Esta situación, unida al fuerte crecimiento demográfico y a la escasez de oportunidades económicas que ofrece el mercado interior aboca a la juventud de Marruecos a la aventura de las pateras, en la que se invierten los ahorros familiares y se pone en peligro la propia vida. En las medinas, en los zocos, en los caminos rurales, en los arrabales de las grandes ciudades, nos encontramos con una multitud de jóvenes desocupados que no tiene otro sueño que llegar a Europa. Unos jóvenes que, por otra parte, conocen de memoria todos los equipos de las ligas de fútbol europeas, pero desconocen lo más elemental de la historia de su propio país y tienen serias dificultades para leer o escribir tanto en árabe como en francés o las lenguas oficiales de Marruecos. Un ejemplo significativo de esta situación lo encontramos en el hecho de que al explicar que somos de Mallorca, ellos contestan que Mallorca es España y que lo saben porque Mallorca tiene un equipo de fútbol en la primera división española; pero ninguno de ellos es capaz de localizar Mallorca en un mapa.

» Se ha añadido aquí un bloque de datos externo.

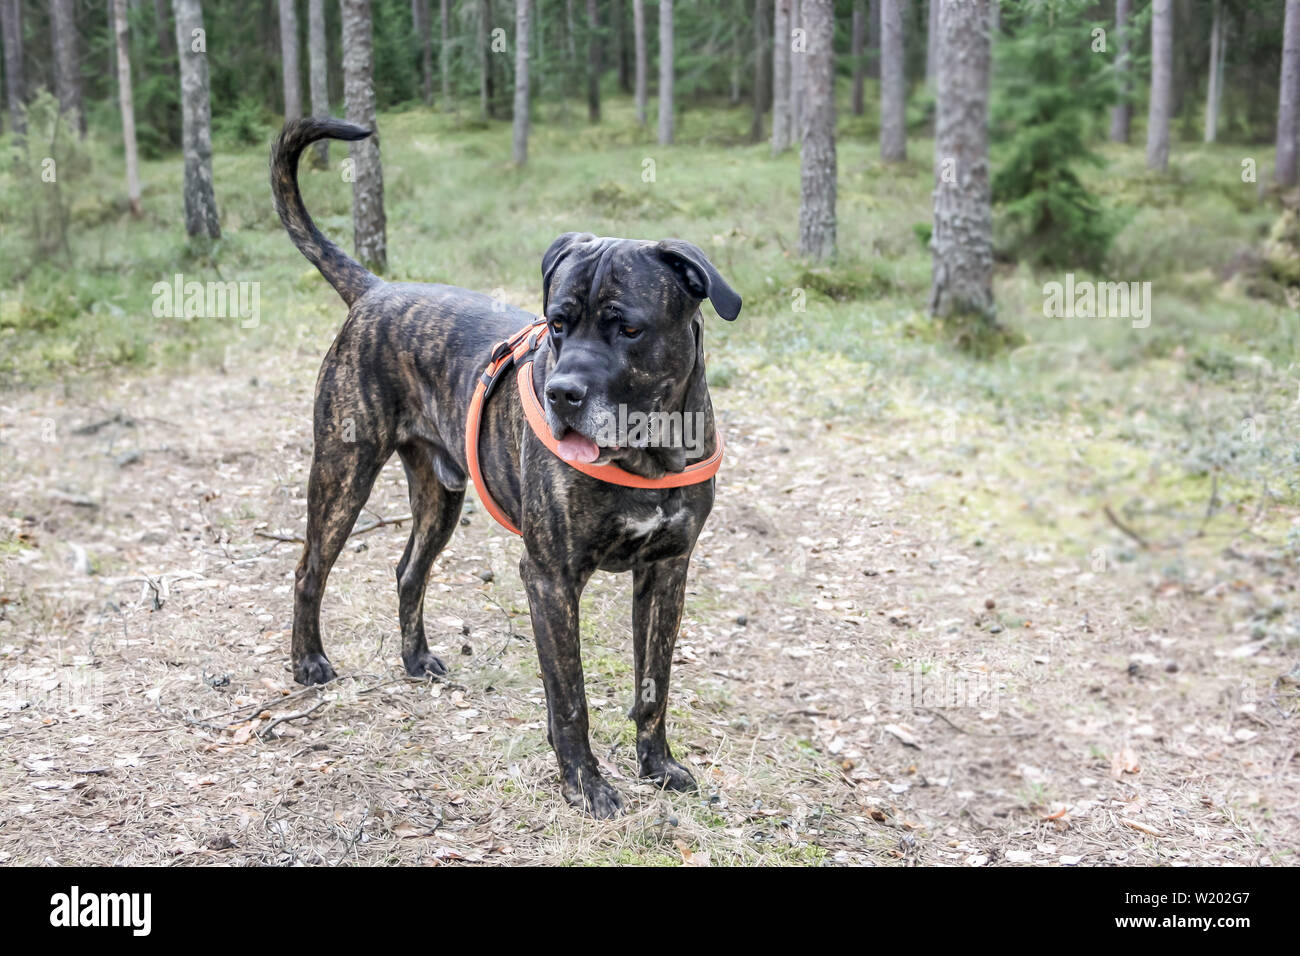 Cane Corso Hund steht und sieht in den Wäldern und der Straße Stockfoto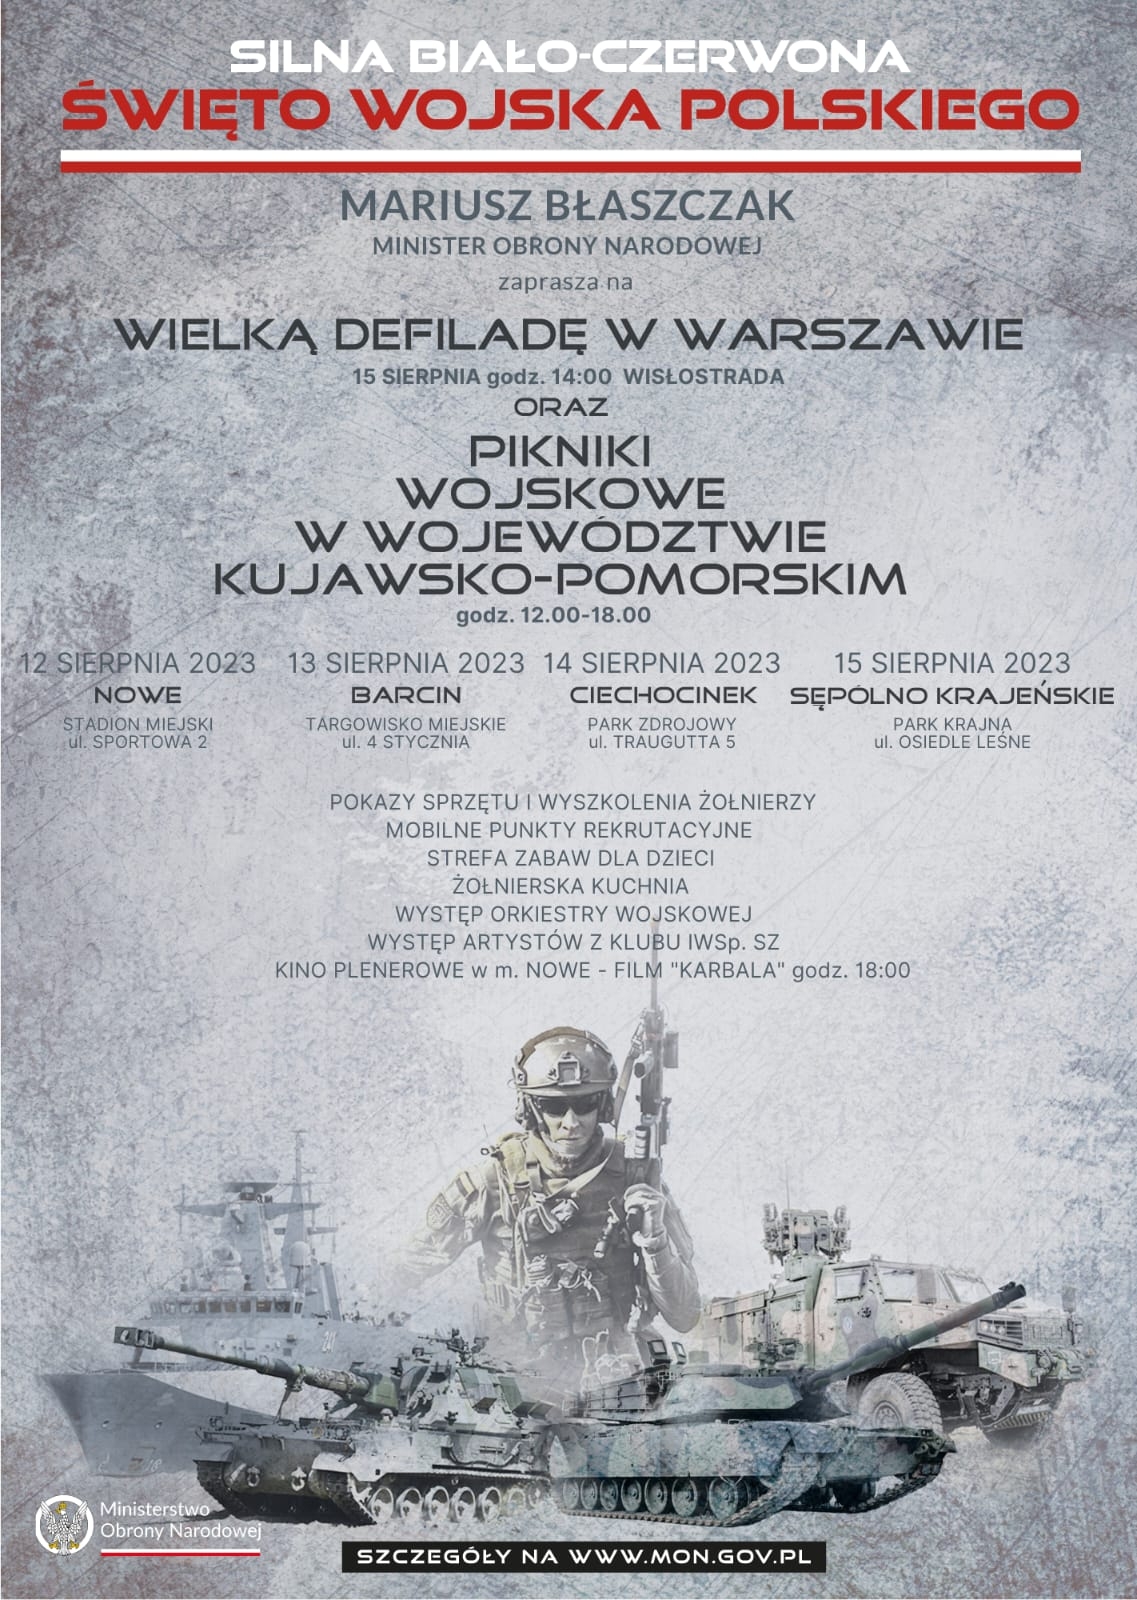 Silna Biało-Czerwona - Święto Wojska Polskiego

Las soluciones a este conglomerado de problemas son complejas y pasan inevitablemente por actuaciones valientes y decididas por parte de las administraciones. Evidentemente, es primordial un esfuerzo para potenciar la formación tanto profesional como cultural de estos contingentes. Y es en este campo donde se están llevando a cabo una serie de iniciativas, tímidas e insuficientes, pero que permiten tener alguna esperanza de que en el futuro las cosas pueden cambiar. Quienes llevamos más de veinticinco años visitando Marruecos recordamos cómo en las zonas rurales era muy raro ver niños o niñas camino de la escuela; se decía que «en Marruecos la enseñanza es obligatoria... para los que pueden ir a la escuela». Hoy, en las cercanías del los pequeños núcleos de población encontramos escuelas y el trasiego de niños y niñas cargados con sus mochilas escolares es constante. Aun así queda mucho por hacer.